Policies.Exp3R module

The Drift-Detection algorithm for non-stationary bandits.

Warning

It works on Exp3 or other parametrizations of the Exp3 policy, e.g., Exp3PlusPlus.

Policies.Exp3R.VERBOSE = False

Whether to be verbose when doing the search for valid parameter \(\ell\).

Policies.Exp3R.CONSTANT_C = 1.0

The constant \(C\) used in Corollary 1 of paper [[“EXP3 with Drift Detection for the Switching Bandit Problem”, Robin Allesiardo & Raphael Feraud]](https://www.researchgate.net/profile/Allesiardo_Robin/publication/281028960_EXP3_with_Drift_Detection_for_the_Switching_Bandit_Problem/links/55d1927808aee19936fdac8e.pdf).

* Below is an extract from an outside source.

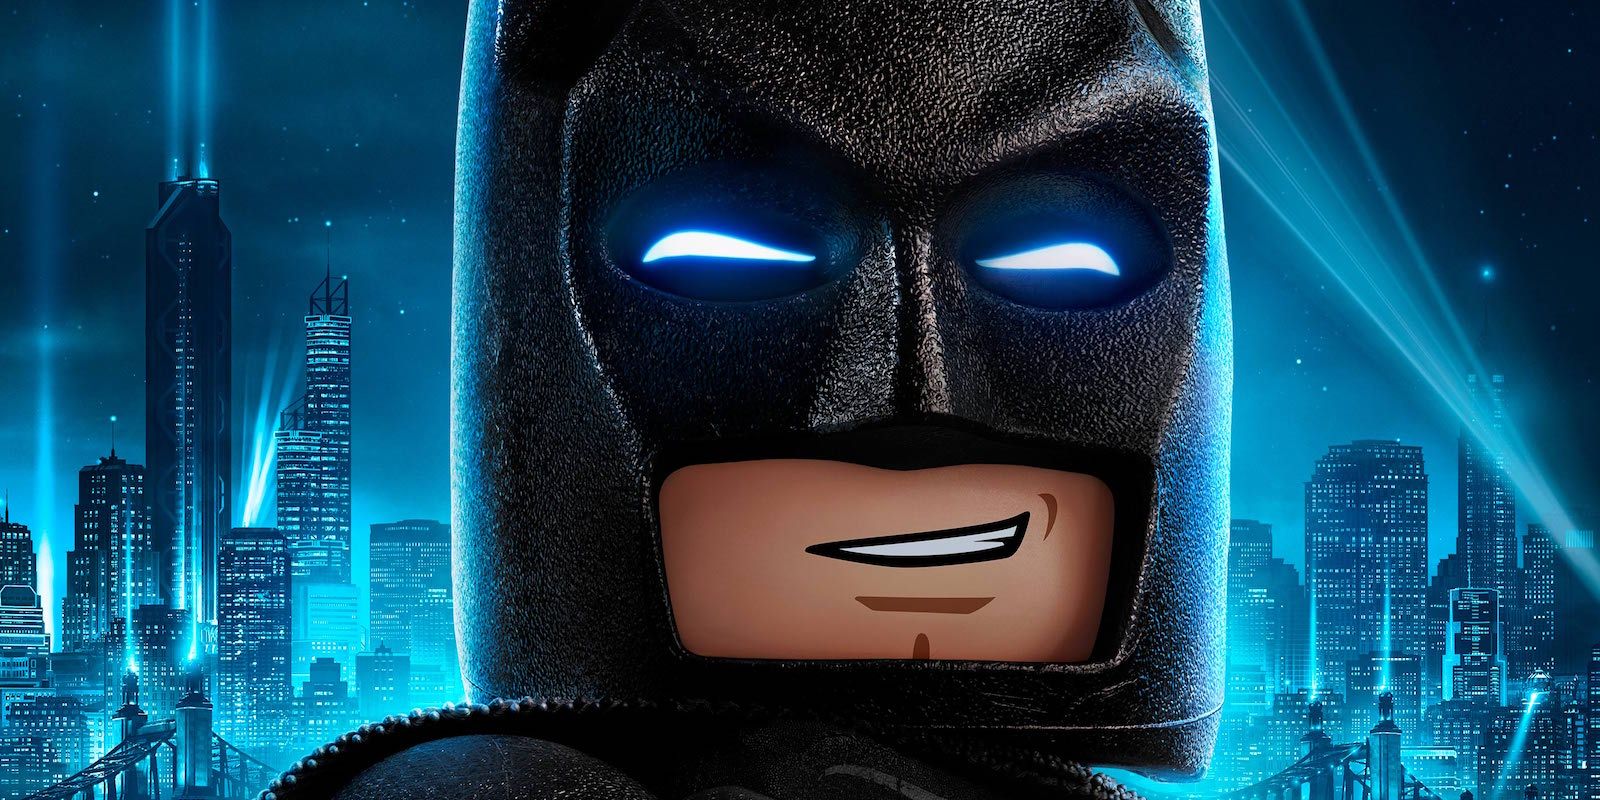 LEGO Batman Soundtrack: Fall Out Boy Lead Singer Performs First Song

class Policies.Exp3R.DriftDetection_IndexPolicy(nbArms, H=None, delta=None, C=1.0, horizon=None, policy=<class 'Policies.Exp3.Exp3'>, *args, **kwargs)[source]

Bases: Policies.CD_UCB.CD_IndexPolicy

The Drift-Detection generic policy for non-stationary bandits, using a custom Drift-Detection test, for 1-dimensional exponential families.

__init__(nbArms, H=None, delta=None, C=1.0, horizon=None, policy=<class 'Policies.Exp3.Exp3'>, *args, **kwargs)[source]

New policy.

H = None

Parameter \(H\) for the Drift-Detection algorithm. Default value is \(\lceil C \sqrt{T \log(T)} \rceil\), for some constant \(C=\) C (= CONSTANT_C by default).

delta = None

Parameter \(\delta\) for the Drift-Detection algorithm. Default value is \(\sqrt{\frac{\log(T)}{K T}}\) for \(K\) arms and horizon \(T\).

proba_random_exploration

Parameter \(\gamma\) for the Exp3 algorithm.

threshold_h

Parameter \(\varepsilon\) for the Drift-Detection algorithm.

\[\varepsilon = \sqrt{\frac{K \log(\frac{1}{\delta})}{2 \gamma H}}.\]
min_number_of_pulls_to_test_change

Compute \(\Gamma_{\min}(I) := \frac{\gamma H}{K}\), the minimum number of samples we should have for all arms before testing for a change.

__str__()[source]

-> str

detect_change(arm, verbose=False)[source]

Detect a change in the current arm, using a Drift-Detection test (DD).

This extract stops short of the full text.